Tiny as it is, the weak scale length is far greater than the Planck scale length, which is one million billion billion billionth (10-33) of a centimeter. That is the size of the region where forces influence particles that have the Planck scale energy. The Planck scale energy determines the strength of gravity; it is the energy that particles would have to have for gravity to be a strong force.
7
The Standard Model of Particle Physics: Matter’s Most Basic Known Structure
You’re never alone,
You’re never disconnected!
You’re home with your own;
When company’s expected, you’re well protected!
…When you’re a Jet, you stay a Jet!
Riff (West Side Story)
Of all the stories she had read, Athena was most thoroughly perplexed by Hans Christian Andersen’s “The Princess and the Pea.” The story tells of a Prince who searched unsuccessfully for a suitable princess to wed. After he had searched in vain for weeks, a potential princess arrived by chance at his palace, seeking shelter from a storm. This soggy visitor thereby became the unwitting subject of the Queen’s litmus test for princesses.
The Queen prepared a bed, which she piled high with mattresses and eiderdown quilts. At the very bottom of the pile she placed a solitary pea. That night, she showed her visitor to the carefully prepared guest room. The next morning, the princess (as indeed she proved herself to be) complained that she had not been able to sleep at all. She had tossed and turned the whole night, and found she had actually turned black and blue—all because of the uncomfortable pea. The Queen and Prince were convinced that their visitor was truly of royal blood, for who else could be so delicate?

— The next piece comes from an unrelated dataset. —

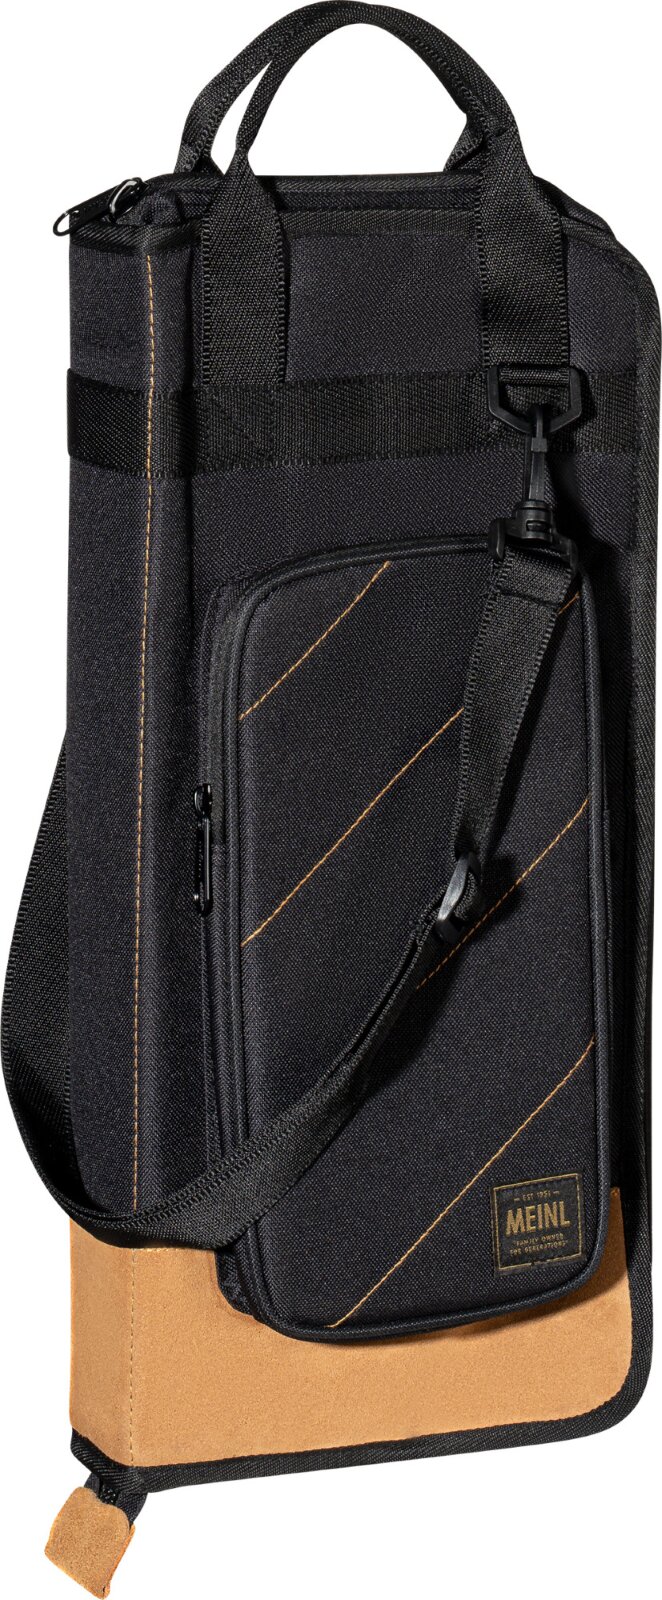 Meinl Classic Woven Stick Bag Black : photo 1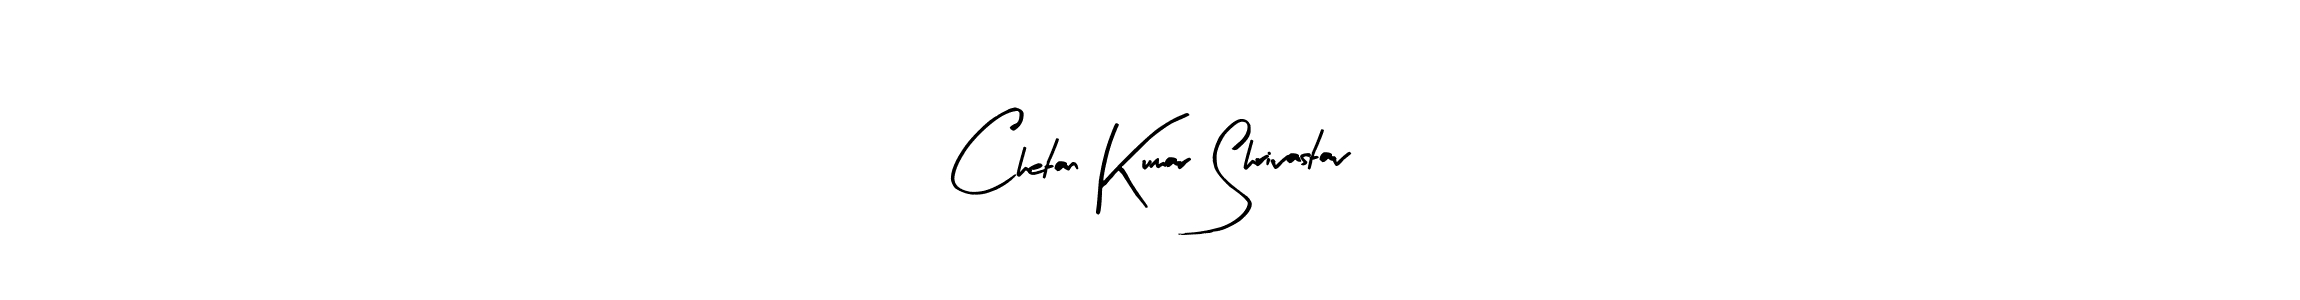 How to Draw Chetan Kumar Shrivastav signature style? Arty Signature is a latest design signature styles for name Chetan Kumar Shrivastav. Chetan Kumar Shrivastav signature style 8 images and pictures png

Athena turned the story round and round in her head. She thought it fairly ridiculous that anyone, even the most sensitive of princesses, would ever have discovered the pea by lying passively on top of the pile of mattresses. After many days’ deliberation, Athena found a plausible interpretation, which she rushed to tell her brother.
She rejected the common interpretation that the princess proved her royal nature by demonstrating delicacy and refinement with her sensitivity to even something as minor as a pea under a pile of mattresses. She offered an alternative explanation.
Athena suggested that when the Queen went away and left the princess alone in the room, the princess threw decorum to the wind and gave vent to her boisterous youthful nature. The princess ran around and jumped up and down on her bed until she was exhausted, and only then lay down to try to sleep. Through her rambunctiousness, the princess compressed the mattresses so much that for a brief moment the pea stuck out like a sore thumb and gave her a small bruise. Athena thought this princess was still rather impressive, but found her revisionist interpretation much more satisfactory.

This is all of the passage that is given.